About this exercise:
Make an exact copy of the listing, without images.

Given information:
Segment Open
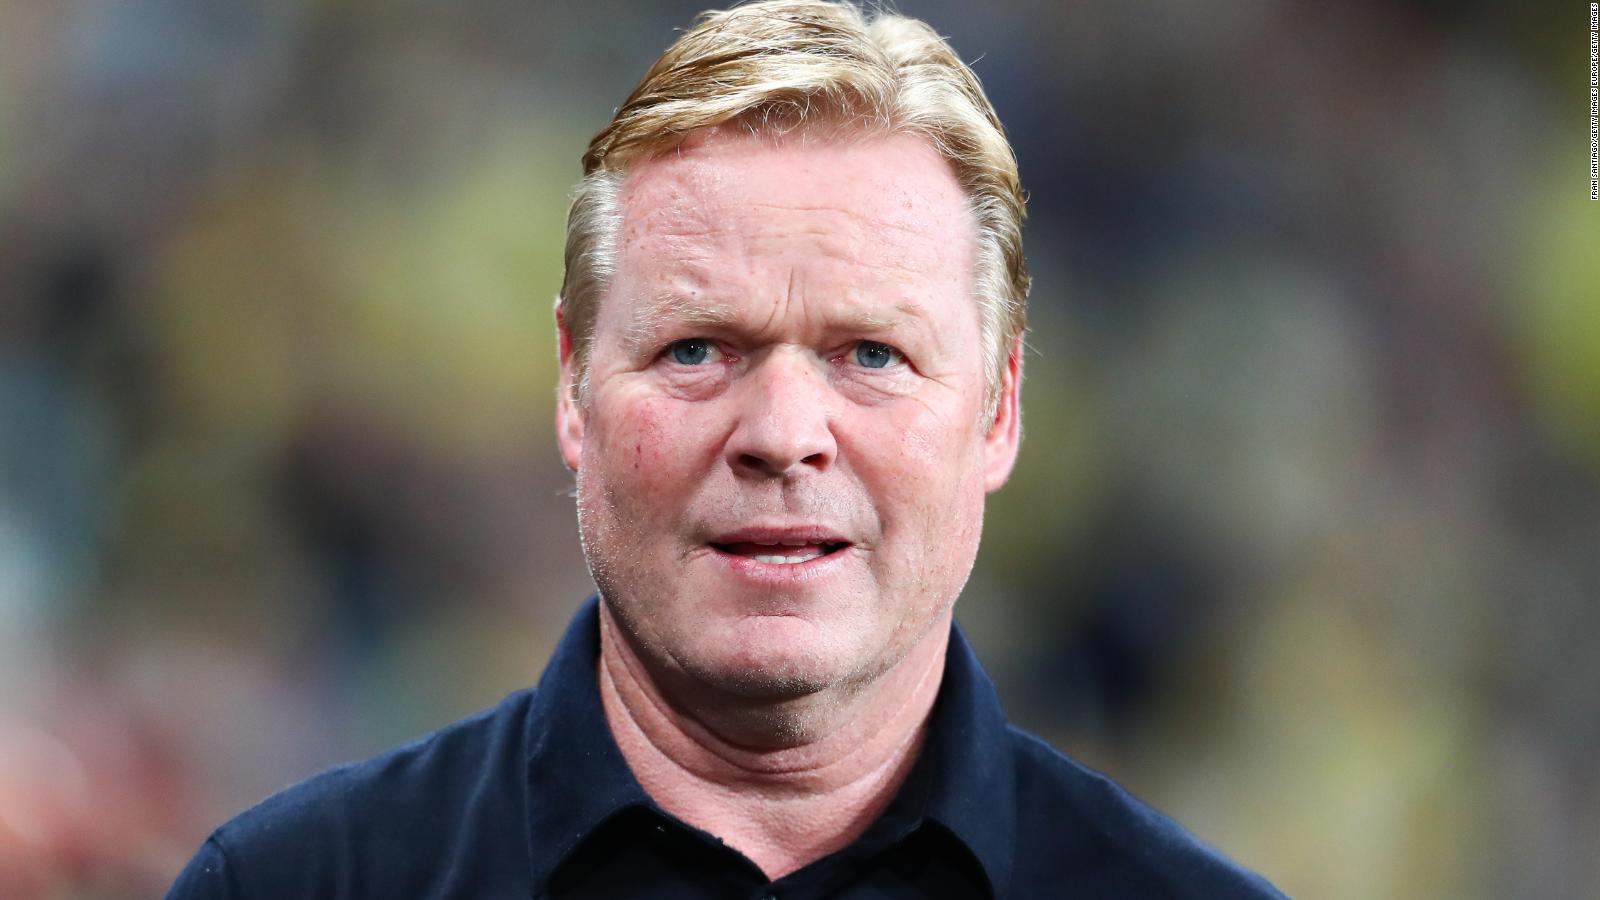 Ronald Koeman and other sacked managers in 2021/2022 season
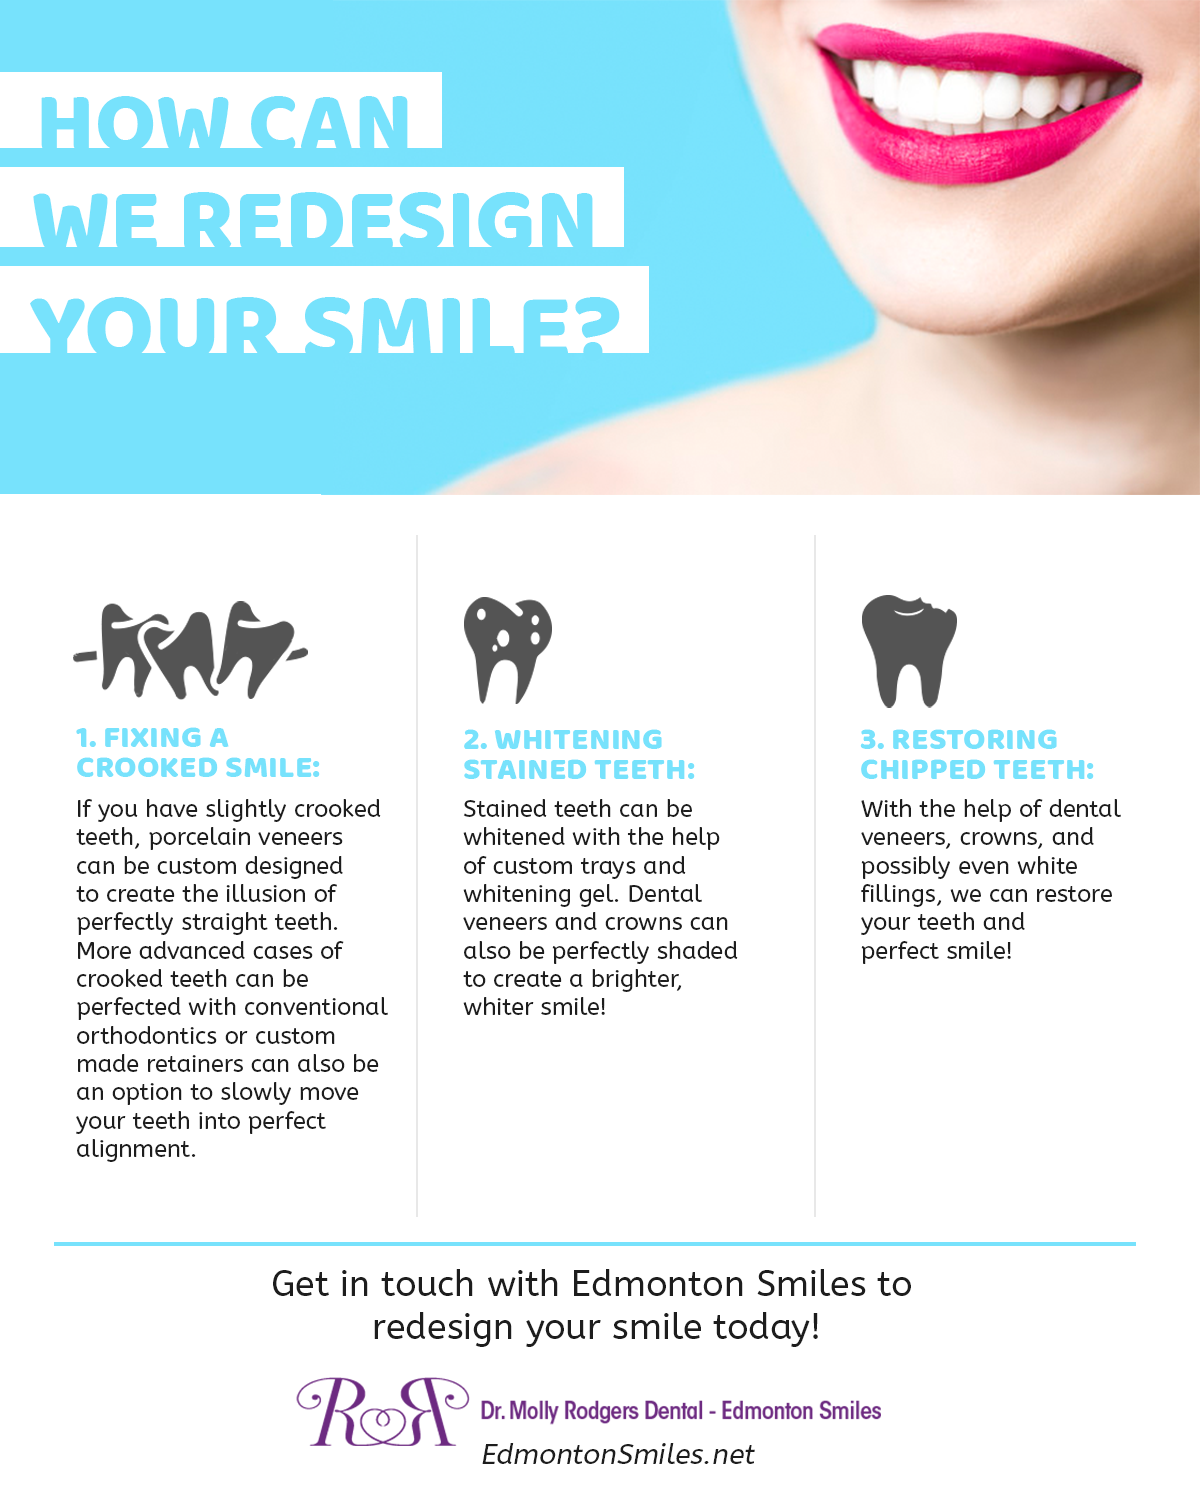 Redesign Your Smile
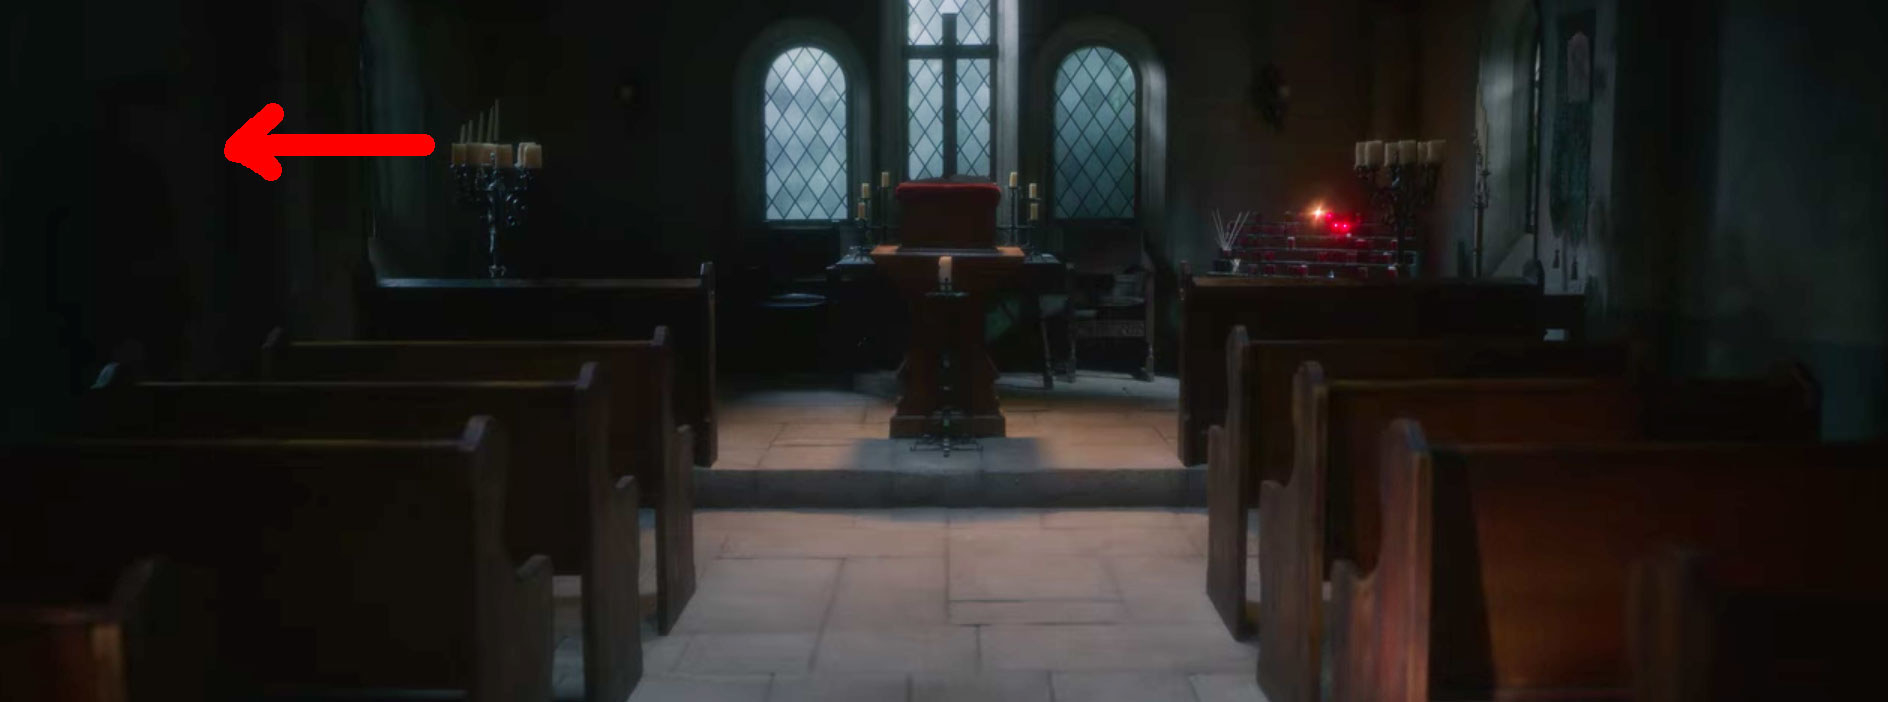 A red arrow points to the soldier ghost hidden in the shadows of the chapel
Segment Closed
Task answer:
 Ronald Koeman and other sacked managers in 2021/2022 season
 Redesign Your Smile
 A red arrow points to the soldier ghost hidden in the shadows of the chapel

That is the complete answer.